### INFORMATION SUPPLIED
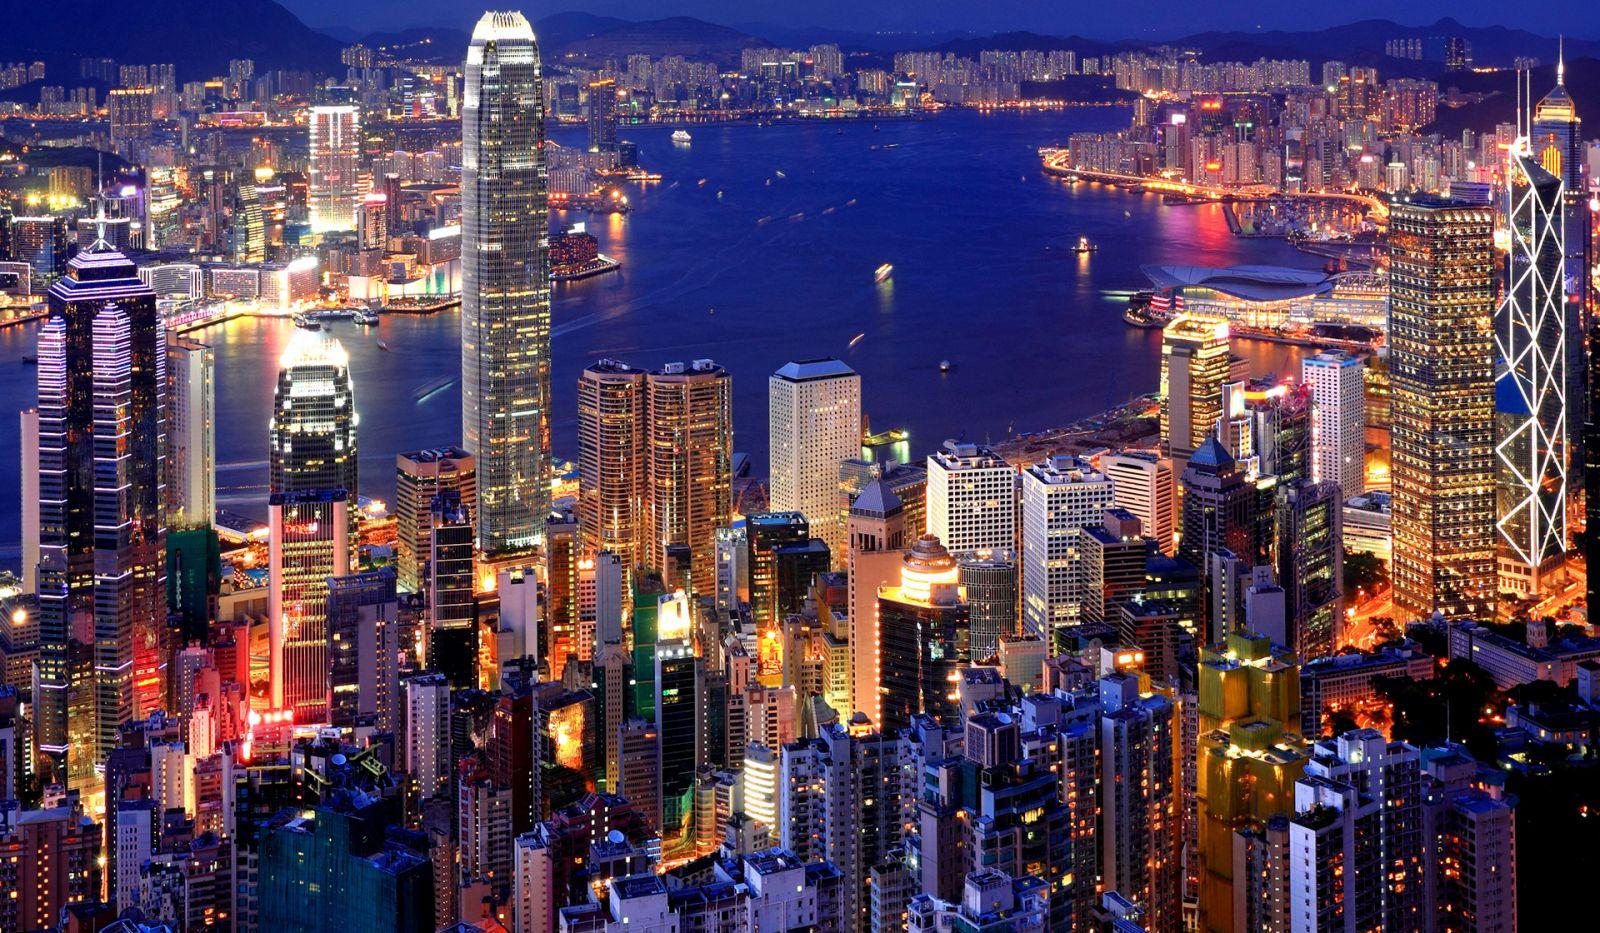 Hình ảnh Hồng Kông đẹp mê hồn
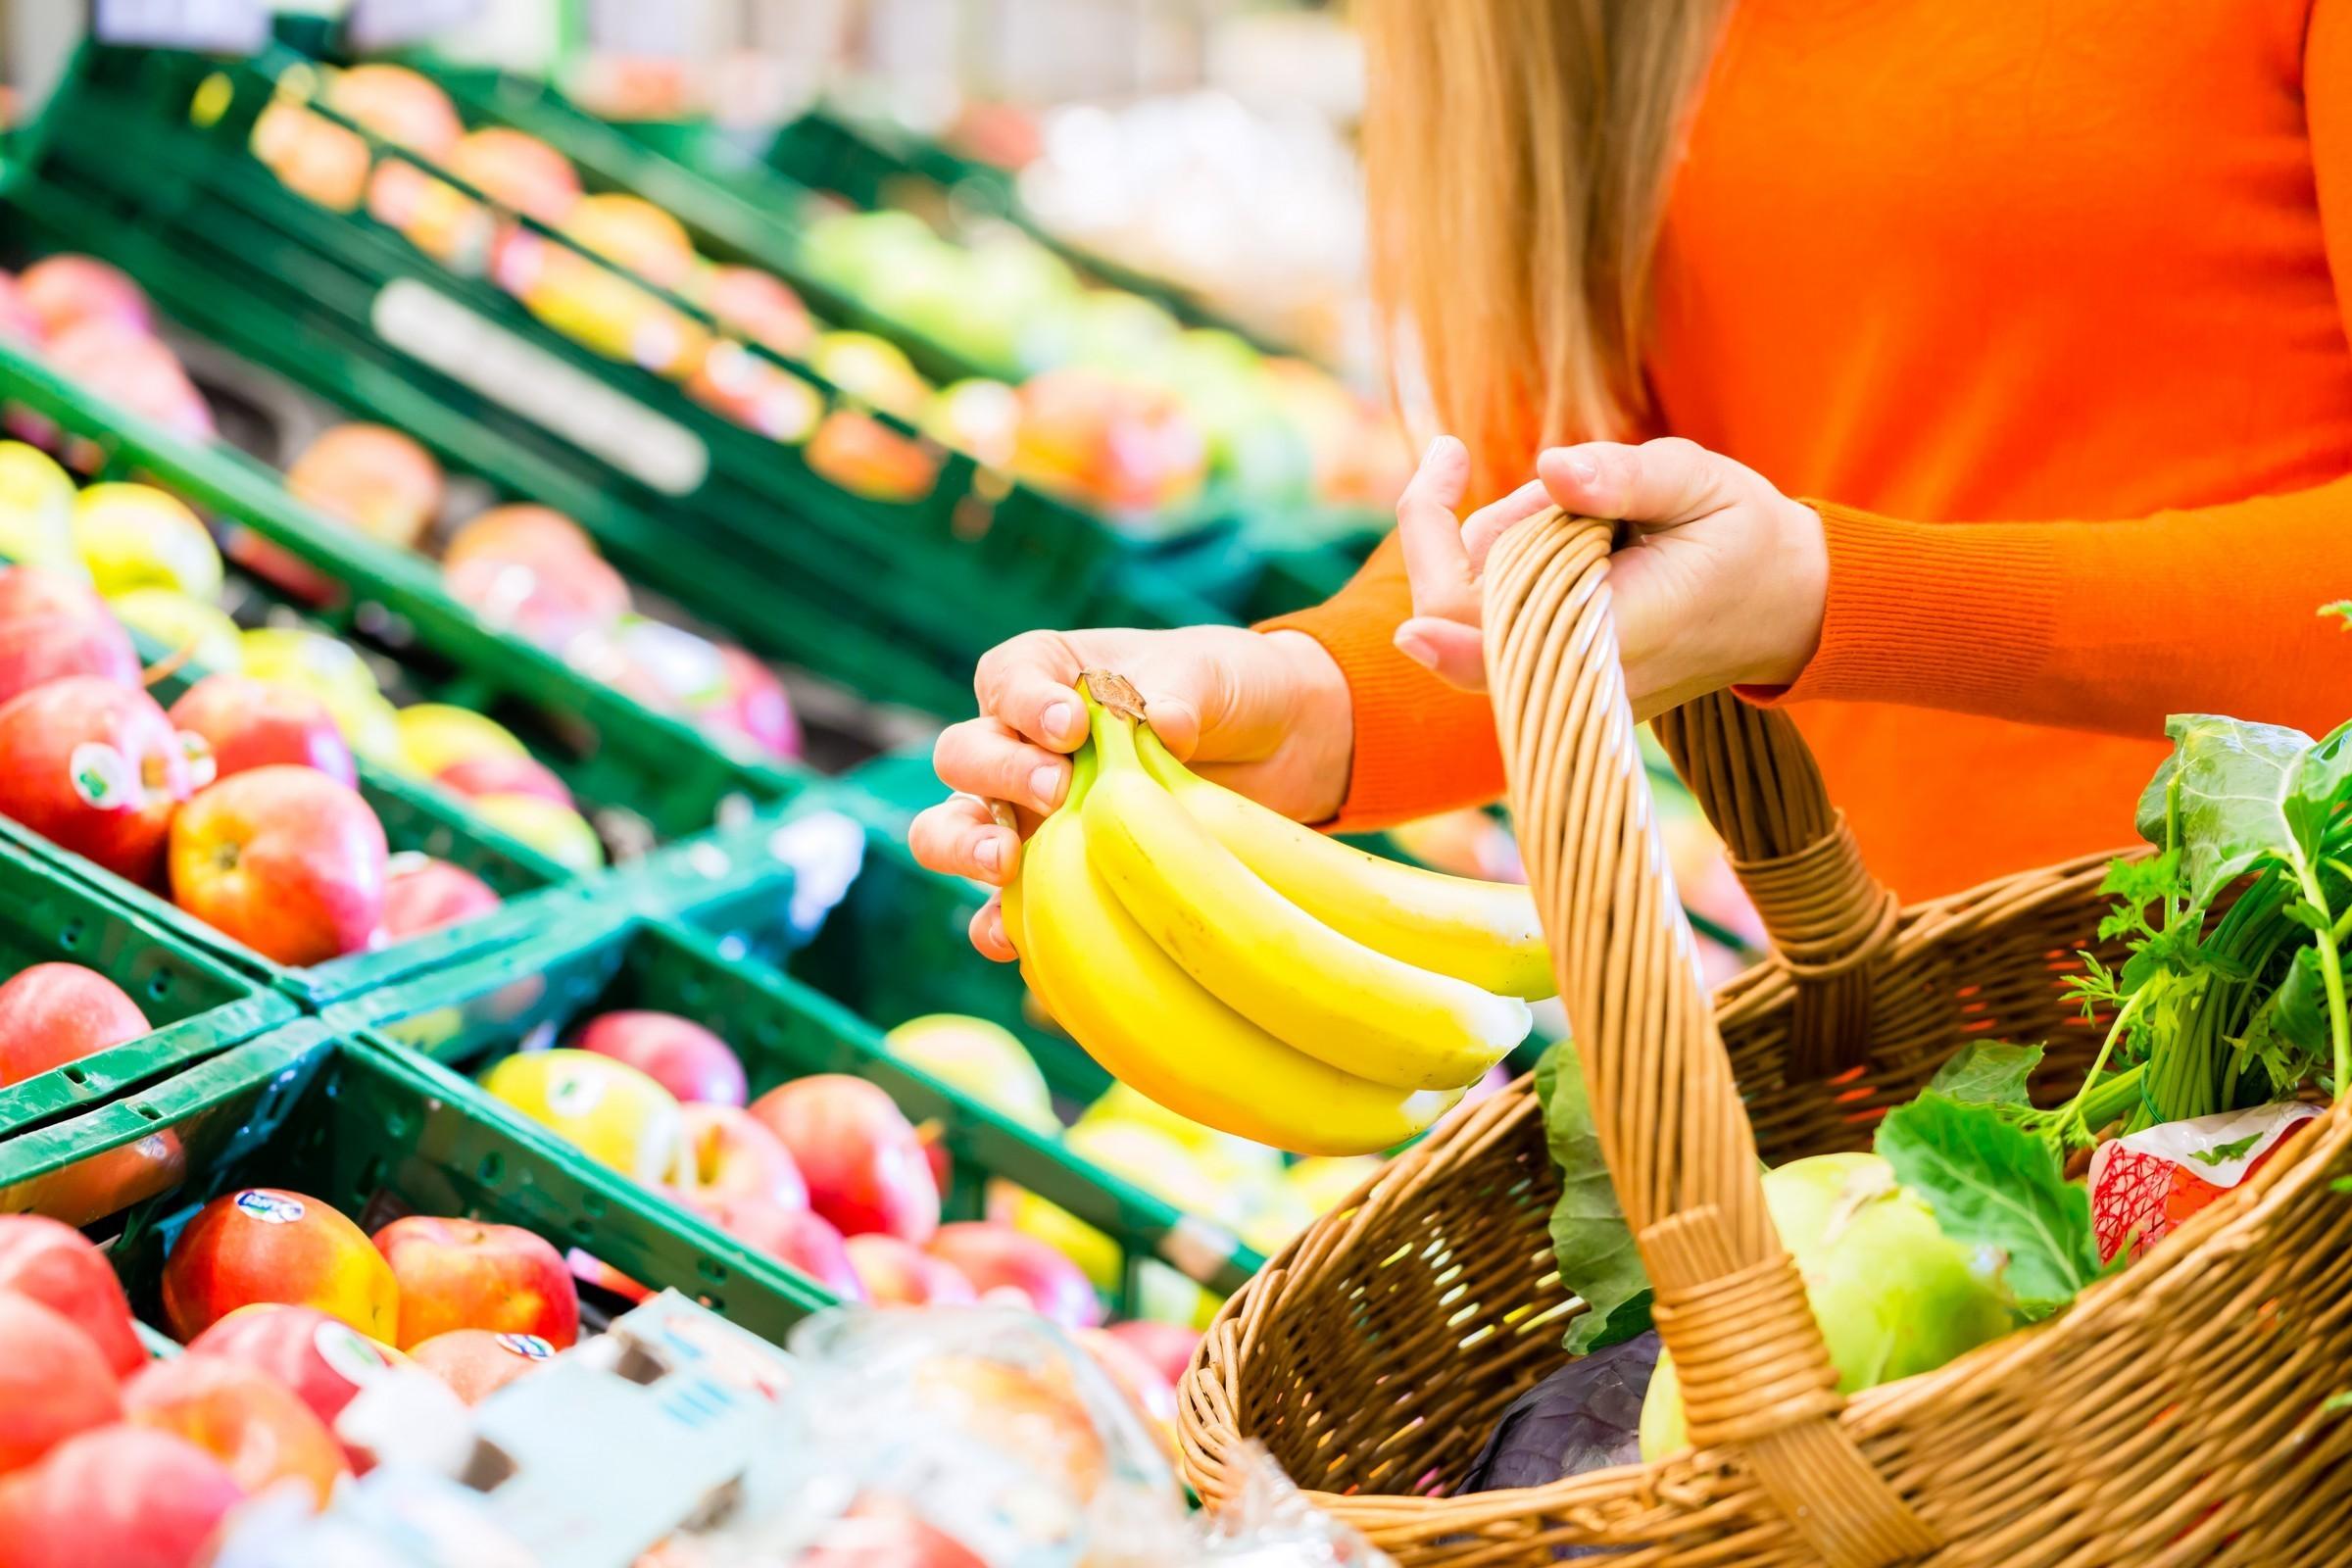 Nederlandse supermarkt in barcelona
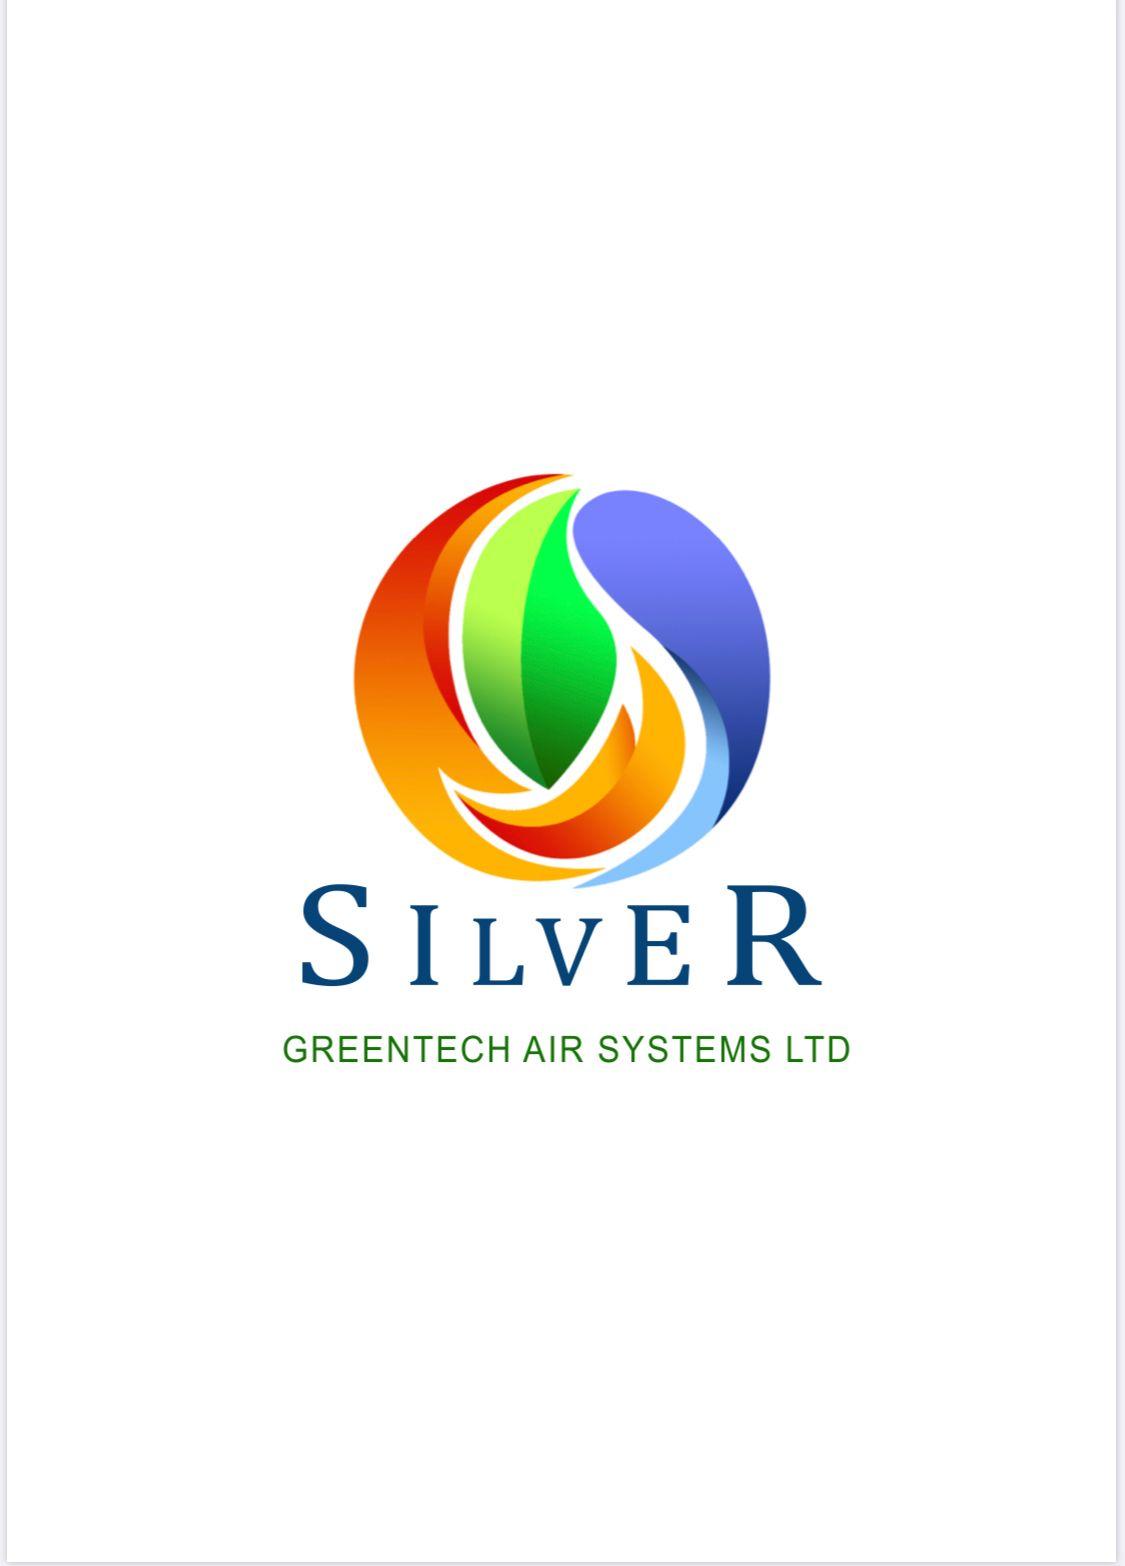 Silver Greentech Air Systems Ltd

### EXERCISE OBJECTIVE
Take the lines from the one holding "Nederlandse supermarkt in barcelona" through the final line of the listing above and copy them exactly, both ends included, with no pictures.

### TASK OUTPUT
 Nederlandse supermarkt in barcelona
 Silver Greentech Air Systems Ltd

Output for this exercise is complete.